2040. Treatment and prevention of mental disorders in low-income and middle-income countries.

作者: Vikram Patel.;Ricardo Araya.;Sudipto Chatterjee.;Dan Chisholm.;Alex Cohen.;Mary De Silva.;Clemens Hosman.;Hugh McGuire.;Graciela Rojas.;Mark van Ommeren.
来源: Lancet. 2007年370卷9591期991-1005页
We review the evidence on effectiveness of interventions for the treatment and prevention of selected mental disorders in low-income and middle-income countries. Depression can be treated effectively in such countries with low-cost antidepressants or with psychological interventions (such as cognitive-behaviour therapy and interpersonal therapies).
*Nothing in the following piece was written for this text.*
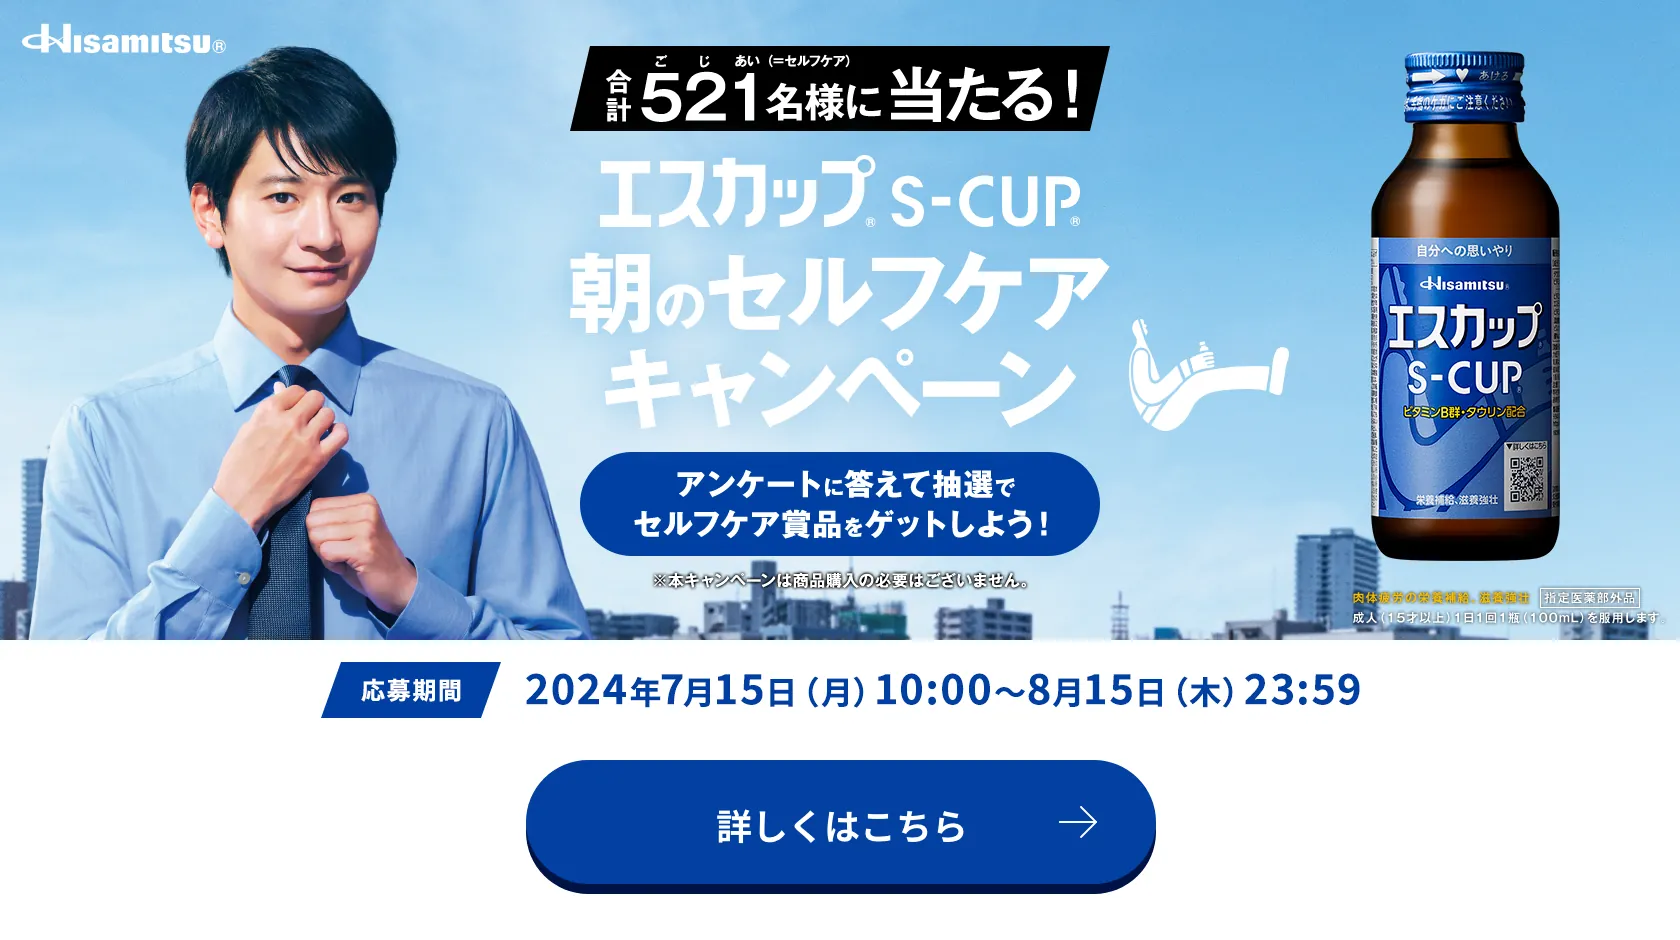 Hisamitsu® 合計521名様に当たる！ エスカップ® S-CUP® 朝のセルフケアキャンペーン アンケートに答えて抽選でセルフケア賞品をゲットしよう！ ※本キャンペーンは商品購入の必要はございません。 応募期間：2024年7月15日(月)10:00〜8月15日(木)23:59 詳しくはこちら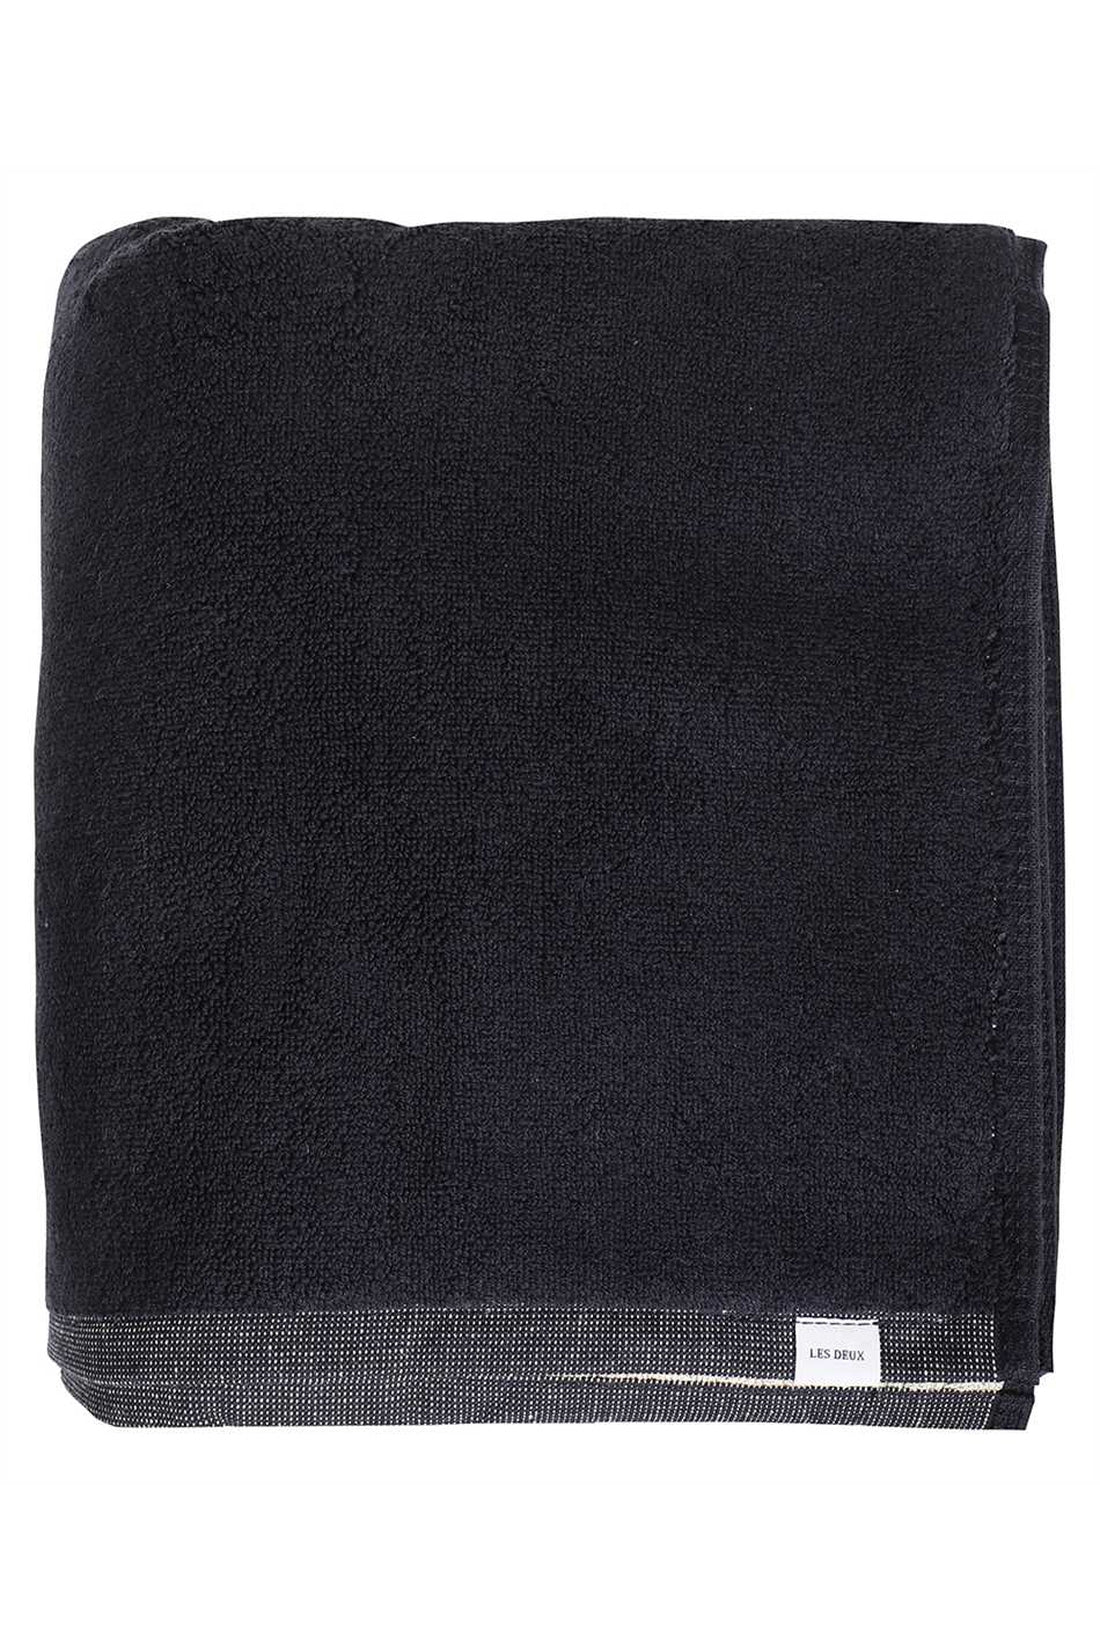 Хлопковое пляжное полотенце Les Deux, черный

Stepped-care and collaborative models provide a framework for integration of drug and psychological treatments and help to improve rates of adherence to treatment. First-generation antipsychotic drugs are effective and cost effective for the treatment of schizophrenia; their benefits can be enhanced by psychosocial treatments, such as community-based models of care. Brief interventions delivered by primary-care professionals are effective for management of hazardous alcohol use, and pharmacological and psychosocial interventions have some benefits for people with alcohol dependence. Policies designed to reduce consumption, such as increased taxes and other control strategies, can reduce the population burden of alcohol abuse. Evidence about the efficacy of interventions for developmental disabilities is inadequate, but community-based rehabilitation models provide a low-cost, integrative framework for care of children and adults with chronic mental disabilities. Evidence for mental health interventions for people who are exposed to conflict and other disasters is still weak-especially for interventions in the midst of emergencies. Some trials of interventions for prevention of depression and developmental delays in low-income and middle-income countries show beneficial effects. Interventions for depression, delivered in primary care, are as cost effective as antiretroviral drugs for HIV/AIDS. The process and effectiveness of scaling up mental health interventions has not been adequately assessed. Such research is needed to inform the continuing process of service reform and innovation. However, we recommend that policymakers should act on the available evidence to scale up effective and cost-effective treatments and preventive interventions for mental disorders.